# [Provided material]
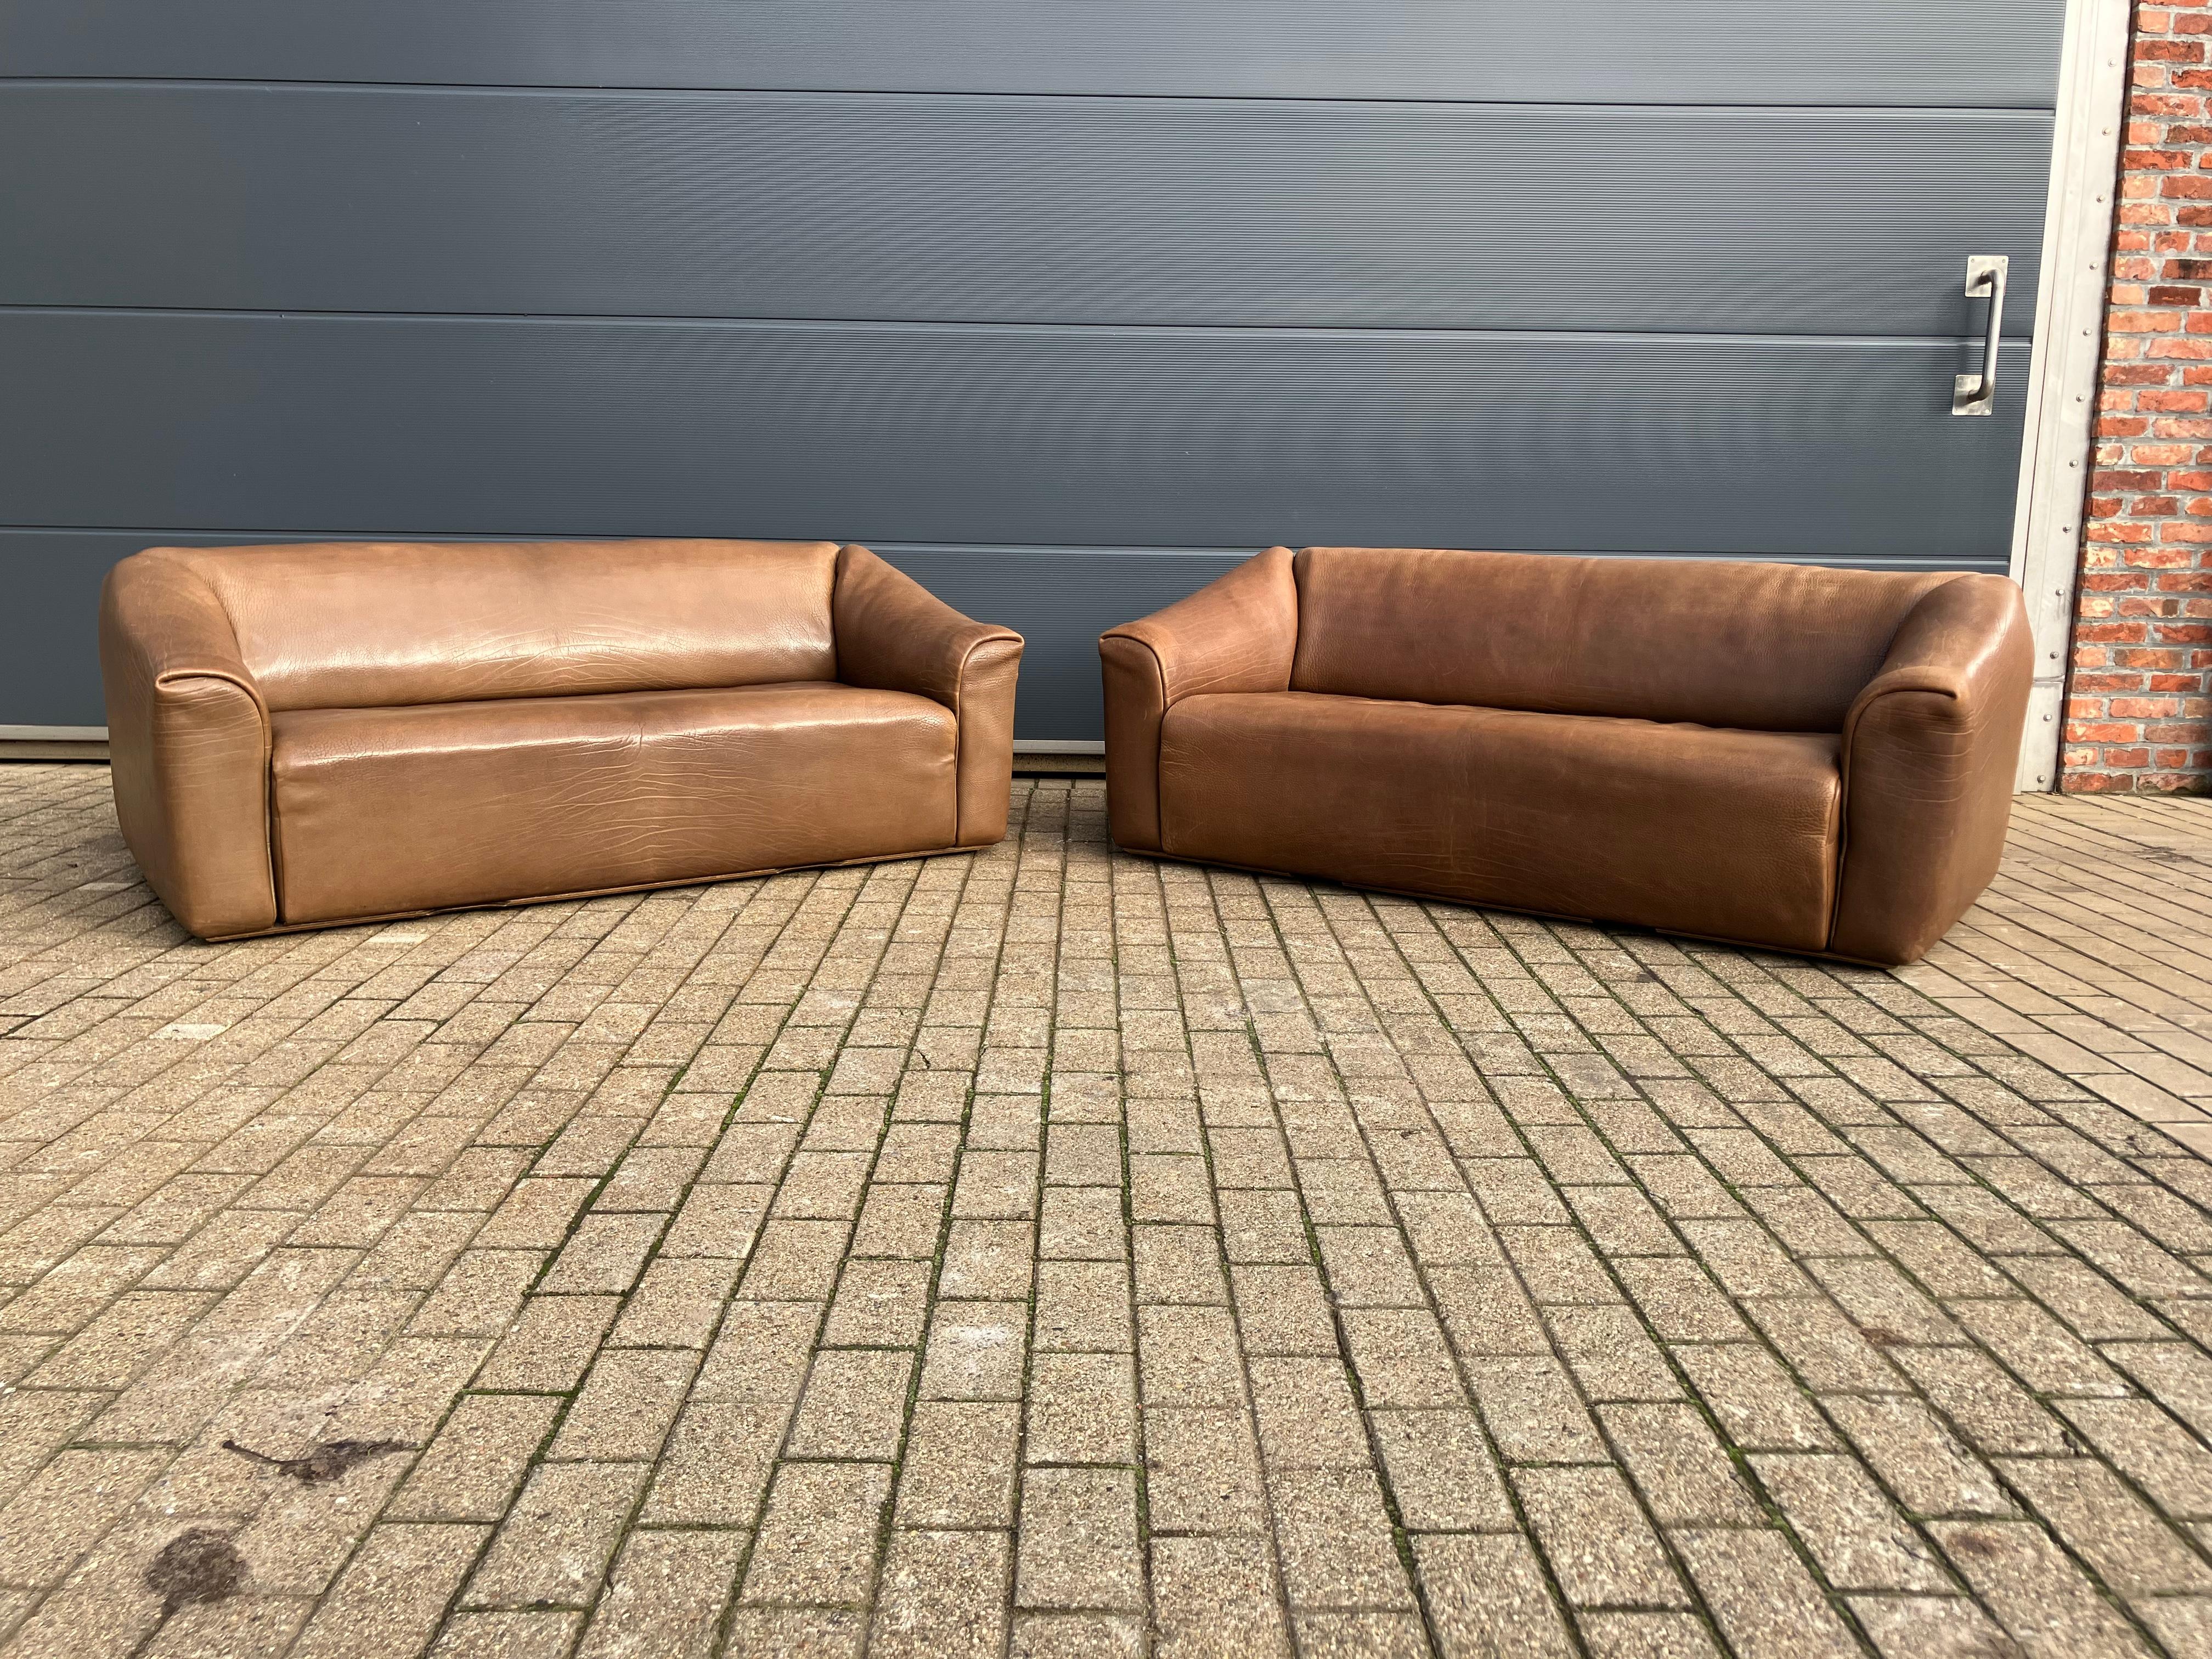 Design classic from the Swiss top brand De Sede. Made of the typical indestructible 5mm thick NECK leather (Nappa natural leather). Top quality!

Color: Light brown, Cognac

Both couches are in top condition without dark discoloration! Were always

# [Exercise directions]
In the reply, each line of the data must appear exactly as written, and no picture may appear.

# [The completed task]
 Design classic from the Swiss top brand De Sede. Made of the typical indestructible 5mm thick NECK leather (Nappa natural leather). Top quality!

Color: Light brown, Cognac

Both couches are in top condition without dark discoloration! Were always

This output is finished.